Embracing age discrimination

Marquis will build new facilities or acquire only very new ones to address what it considers the industry’s second-biggest concern: the aging of physical plants.

“It’s going to be a building that is fairly new or in pretty good shape as a plant. As an organization, we made that decision. I wouldn’t say that’s an industry wide position,” explained Fogg, who has closed more than $250 million in transactions. “It mitigates our risk that we end up with buildings that are no longer usable or obsolete. I think you’ll see more providers embracing that philosophy.”

Marquis will build SNFs that are smaller and focused only on “anything and everything around catering to the short-stay resident.”

There could be a doubling of the number of the facilities, or even greater than that, of what we have today because of the needs of that group.

Steve Fogg

The goal is “having adequate space for therapy services and other services done with the short-stay population, versus an old, small short-stay facility that was built where there wasn’t much in the way for short-stays.”

“Location in the market is another big driver,” he added. “Proximity to the hospital is a huge driver for us.”

Managing crowds

The pandemic’s overall slowdown could cause problems as the baby boomers start to jam the pipeline and building projects amble through production, he believes.

“There’s not a lot of thinking about new construction or new development. So the longer it takes to get out of this and have the industry recover, it could lead to delays in new development that are absolutely necessary for the boomers.

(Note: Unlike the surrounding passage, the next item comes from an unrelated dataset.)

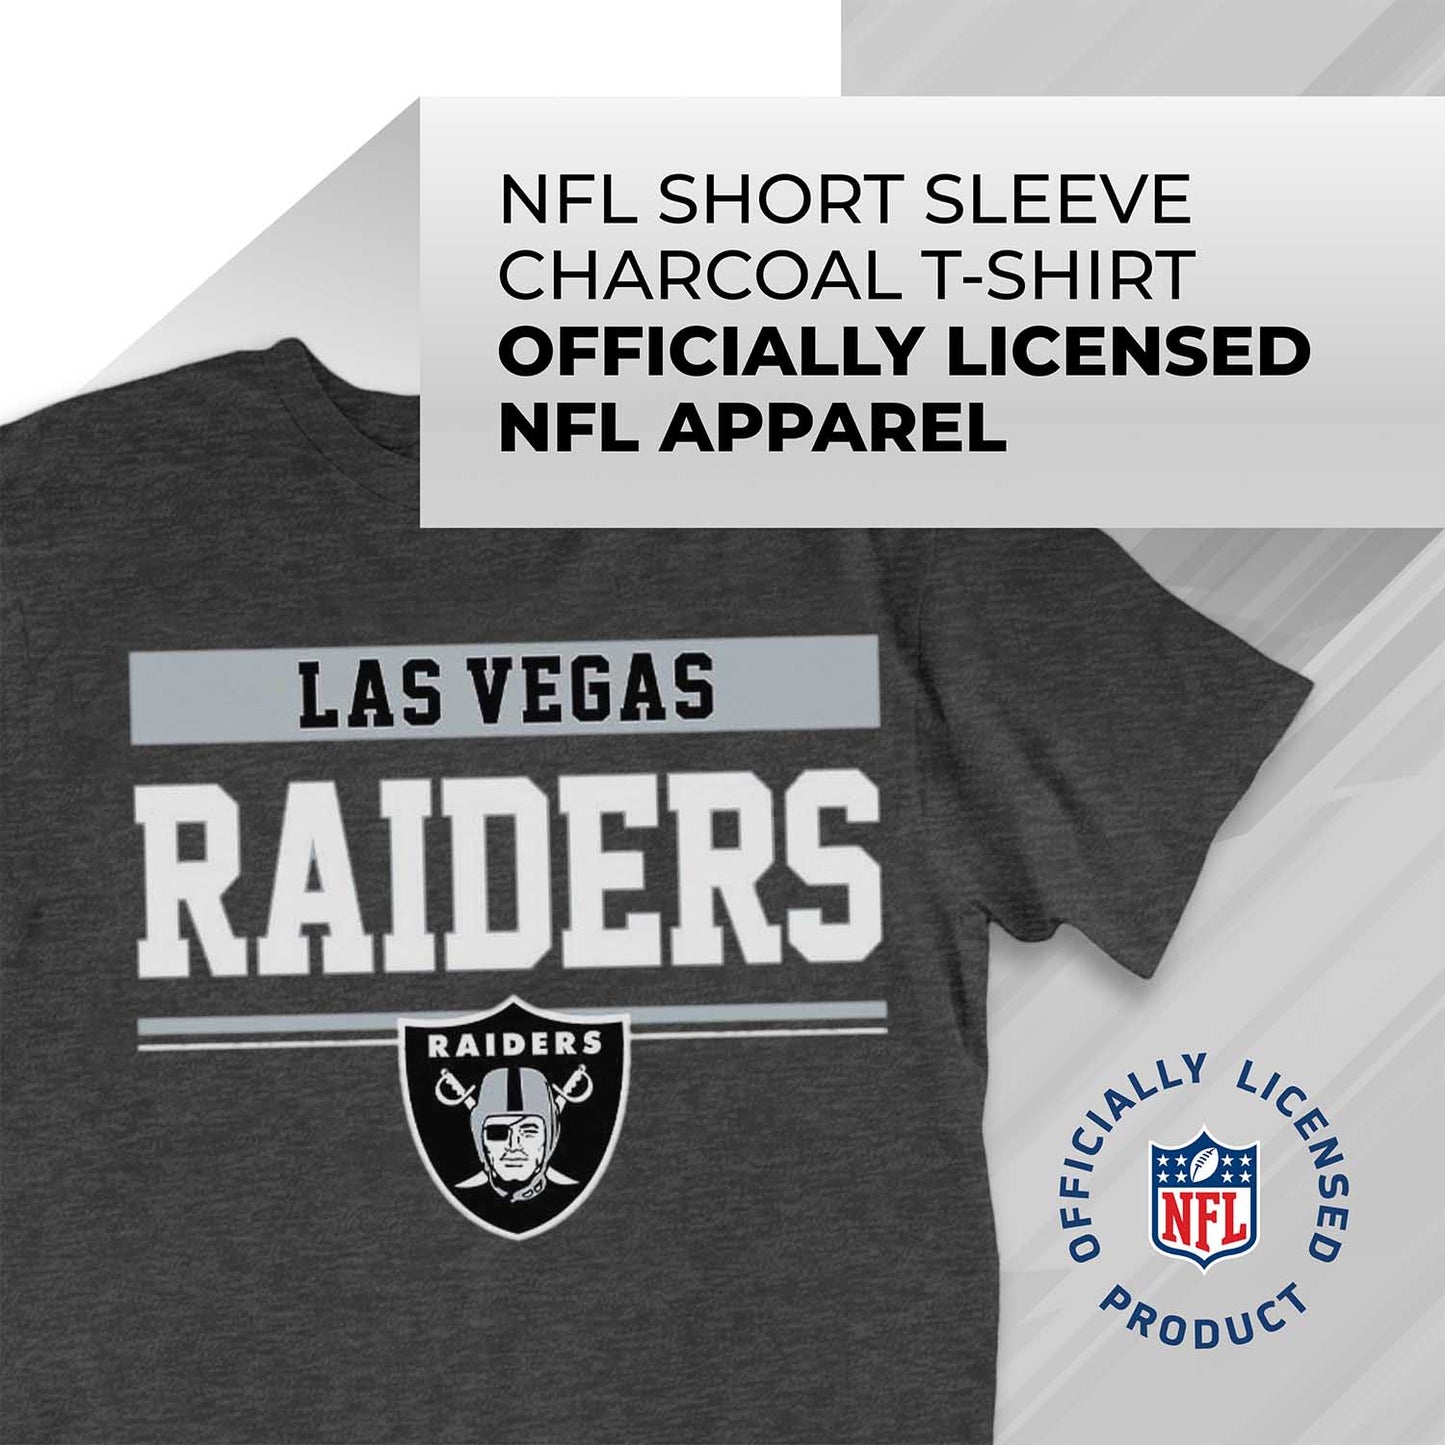 Las Vegas Raiders NFL Adult Team Block Tagless T-Shirt - Charcoal

“There could be a doubling of the number of the facilities, or even greater than that, of what we have today because of the needs of that group,” he observed. “That can’t happen overnight.”

Expect success, achieve success

Fogg believes in the approach “attitude determines altitude.”

“While it’s been the most challenging times of our career, we’re eternally optimistic, so we always look at the bright side,” he said of him and his brother, company President and CEO Phil Fogg Jr.

“It certainly helps to bring that type of feeling into your culture,” he added. “If you’re in an environment where it’s not like that, you’re going to have a harder challenge.”